Rule-coverage pass driven by plans/todo/05-corpus-shakedown-followups.md (P0 #1#4, P1 #5#7, P2 #9). One item per commit so any can be dropped in review without blocking the rest.

Net: 8 rule changes; rule count 53 → 59; rule tests 225 → 288 (all passing). Clippy clean, fmt clean.

New rules

  • go-permission-predicate-call — Gitea-shape IsAdmin(), IsOwner(), CanRead(unit), HasAnyUnitAccess() (no string-literal arg).
  • ts-chained-permission-call — Ghost/CASL/Pundit-style canThis(user).edit.post(post).
  • py-check-helper-call — Zulip-shape check_can_*, check_basic_*_access, check_*_permission.
  • java-authorized-annotation — OpenMRS @Authorized({"PRIV"}).
  • py-require-decorator — Zulip @require_realm_admin, @require_member_or_admin, ... (excludes @require_GET/@require_POST).
  • ts-trpc-procedure — tRPC protectedProcedure/adminProcedure chained builders.

Widened rules

  • ts-permission-check-call — adds belongsTo, isTeamAdmin, isOrgOwner, hasMembership, userIs<Role>.
  • ts-role-check-conditional — accepts !=/!== (Cal.com guard pattern) and roleName.

Breaking

  • ts-jwt-token-check is split into:

    • ts-jwt-verify-decode (middleware, medium) — drop-in for the authz signal.
    • ts-jwt-sign-issue (custom, low) — outbound token issuance, kept rather than dropped so users can disable a single rule by ID.

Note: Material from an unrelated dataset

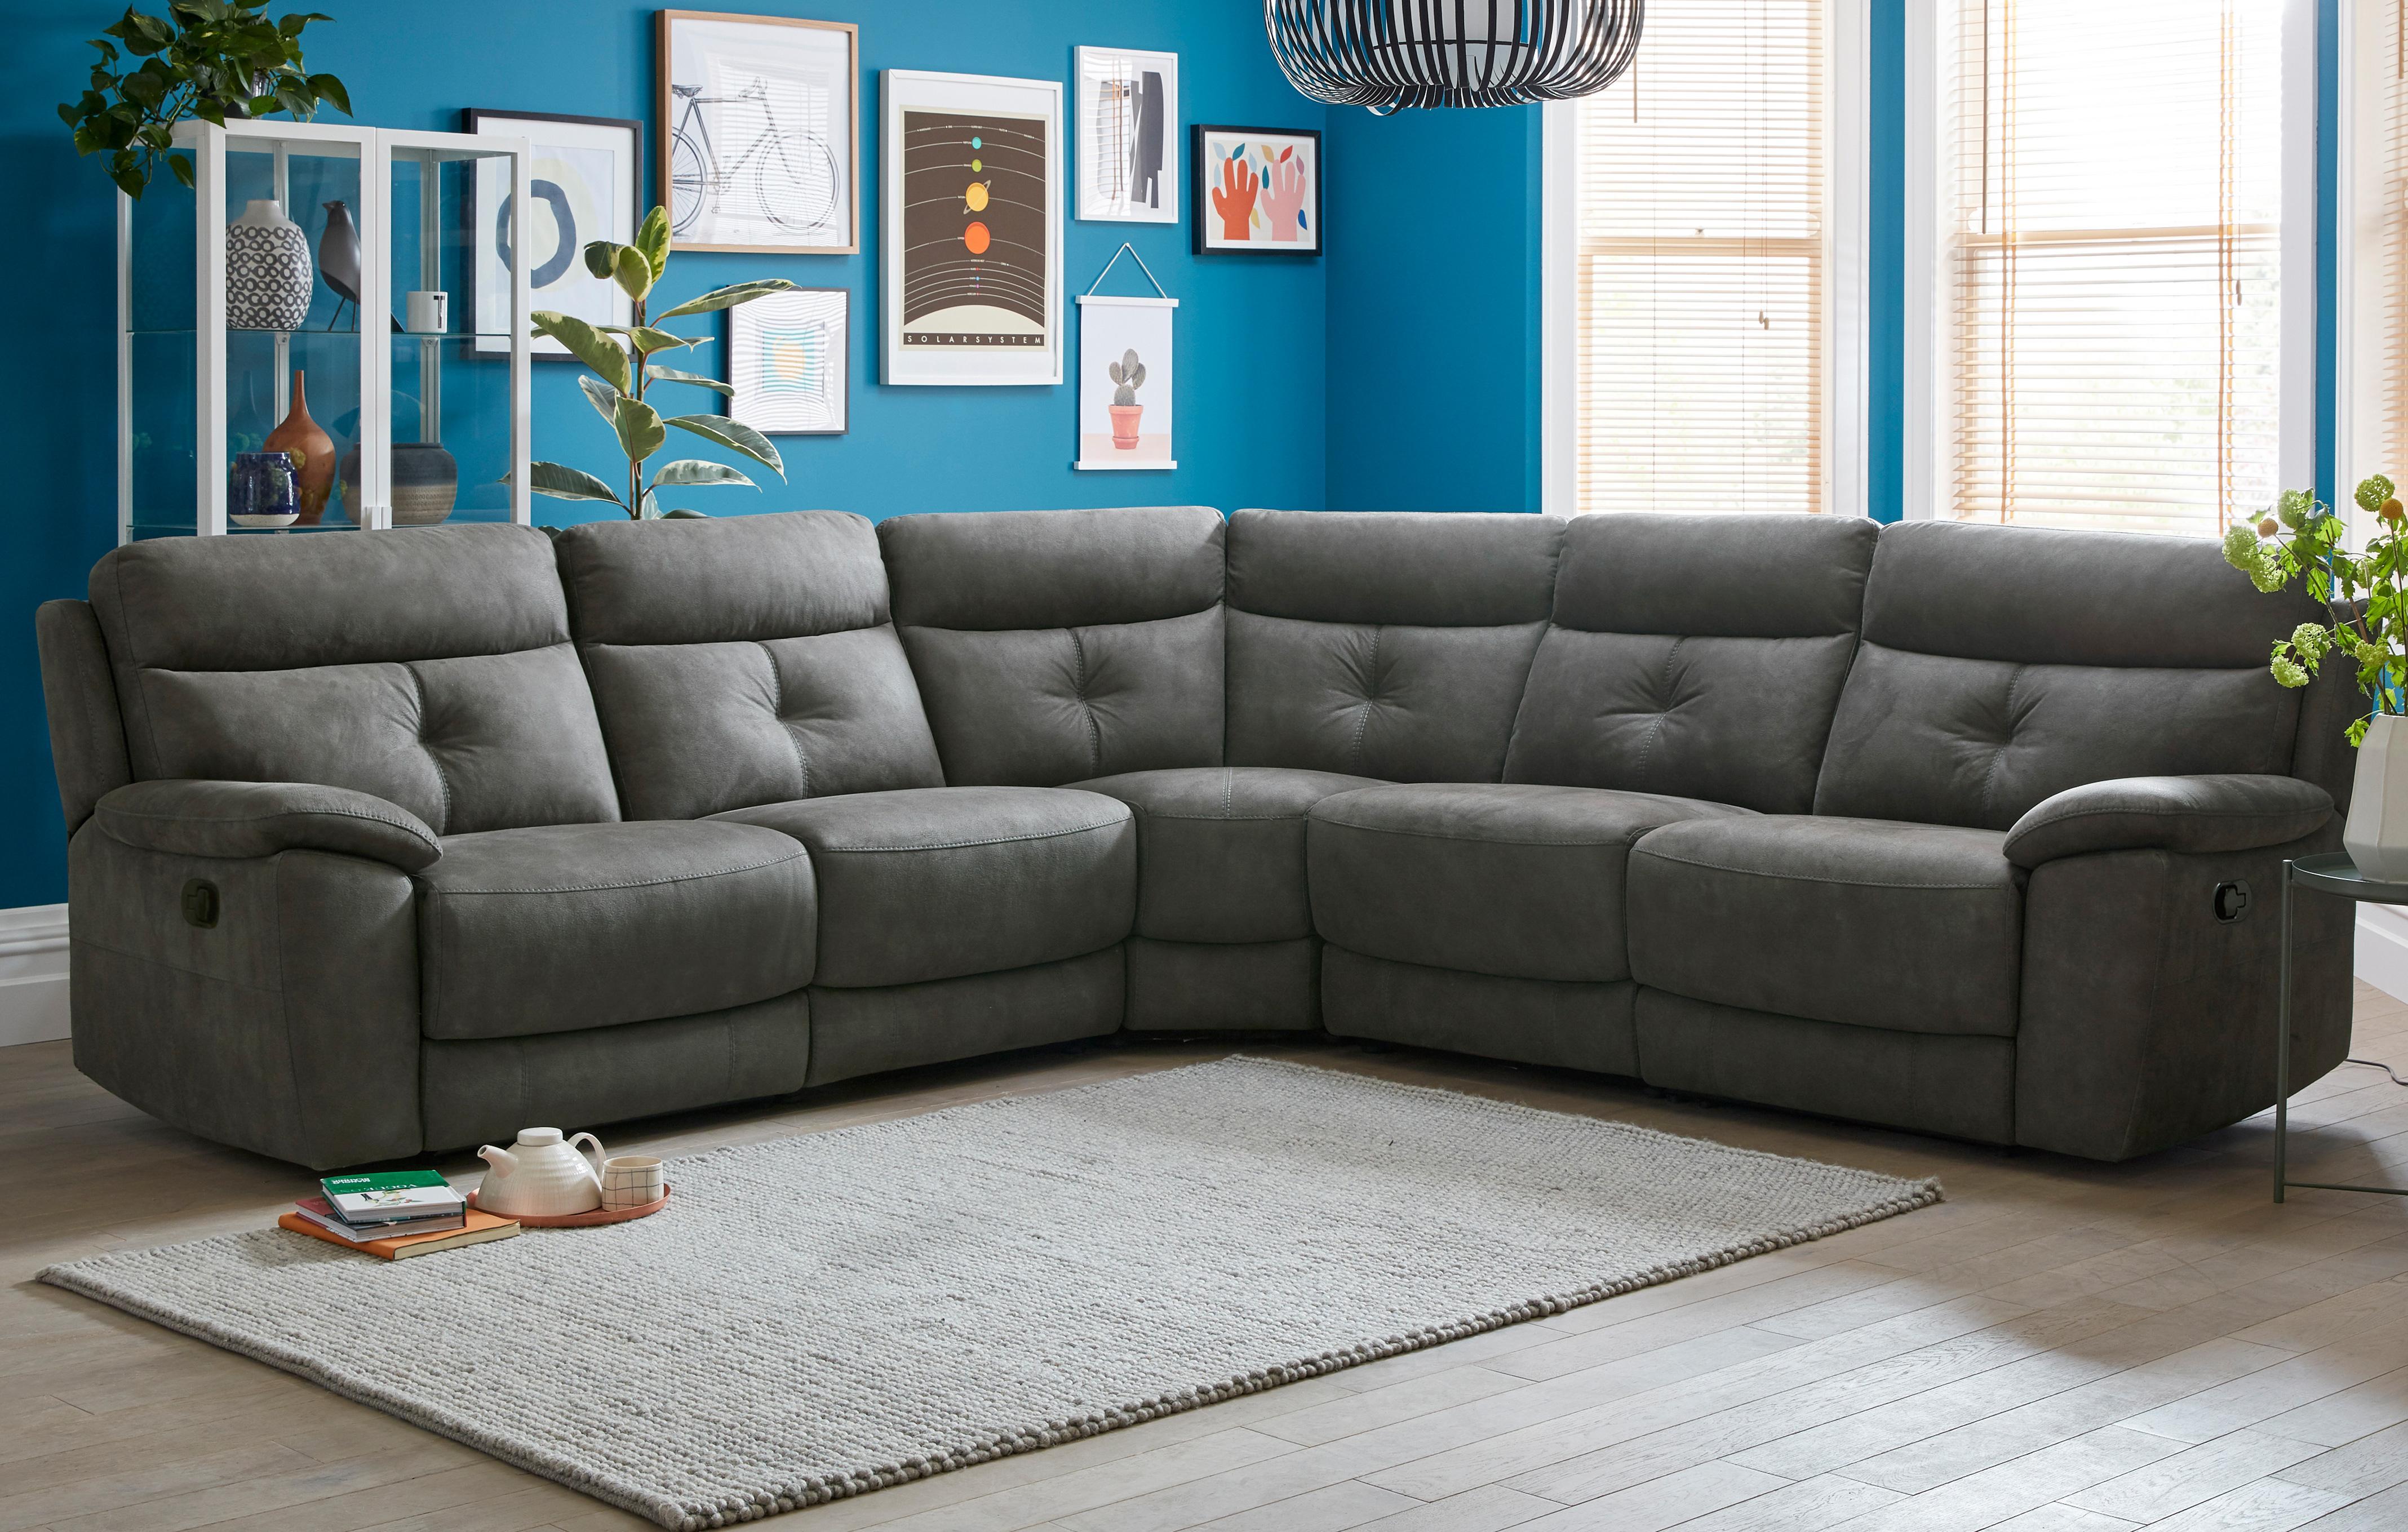 Wondrous Fabric Sofa Sales And Deals Across The Full Range Dfs Atara Machost Co Dining Chair Design Ideas Machostcouk

    Marked as feat!: to bump 0.1.x → 0.2.0 per the version policy in CLAUDE.md.

Sequencing

Scanner/output items from the same plan doc (P2 #10, P3 #11a, #11, #12) are deferred to a follow-up PR — different code area, different review surface.

Test plan

  • cargo build
  • cargo test (325 unit + 30 integration + doc tests)
  • cargo run -- rules validate (59 rules)
  • cargo run -- rules test (288 / 288 passing)
  • cargo fmt --check
  • cargo clippy --all-targets -- -D warnings
  • Spot-check: cargo run -- scan <gitea-clone> to confirm go-permission-predicate-call lights up the Gitea perm/access tree (target: ~200+ findings vs 18 before).
  • Spot-check: scan Ghost to confirm ts-jwt-sign-issue separates cleanly from ts-jwt-verify-decode and ts-chained-permission-call lights up core/server/.
  • Spot-check: scan Cal.com to confirm ts-role-check-conditional matches session.user.role !== "ADMIN" cases and ts-trpc-procedure matches the procedure-builder endpoints.
  • Spot-check: scan OpenMRS to confirm java-authorized-annotation matches the 24 @Authorized files.
  • Spot-check: scan Zulip to confirm py-check-helper-call and py-require-decorator light up zerver/views/ and zerver/lib/.

Summary by CodeRabbit

  • New Features

    • Go: detect predicate-style permission calls (IsAdmin/CanRead-style)
    • Java: analyze @Authorized annotations for privilege strings
    • Python: detect require_* decorators and check_* helper authorization calls
    • TypeScript/JS: detect chained permission DSLs, membership helper calls, and tRPC procedure builders
    • TypeScript/JS: added JWT verify/decode and JWT sign issuance detection
  • Changes

    • Broadened role-comparison patterns to include !=/!== and roleName variants
  • Removed

    • Deprecated older JWT token-check rule replaced by new JWT checks

boorad added 8 commits May 4, 2026 18:35
…cates

Sister rule to go-has-role-call/go-permission-check-call. Those require a
string-literal argument; this rule covers the very common Go shape where
the call is a boolean predicate (IsAdmin(), IsOwner(), CanRead(unit),
HasAnyUnitAccess()). Surfaced by the corpus shakedown on Gitea, where
the entire permission model is hand-rolled around predicates of this
shape and none matched any existing rule.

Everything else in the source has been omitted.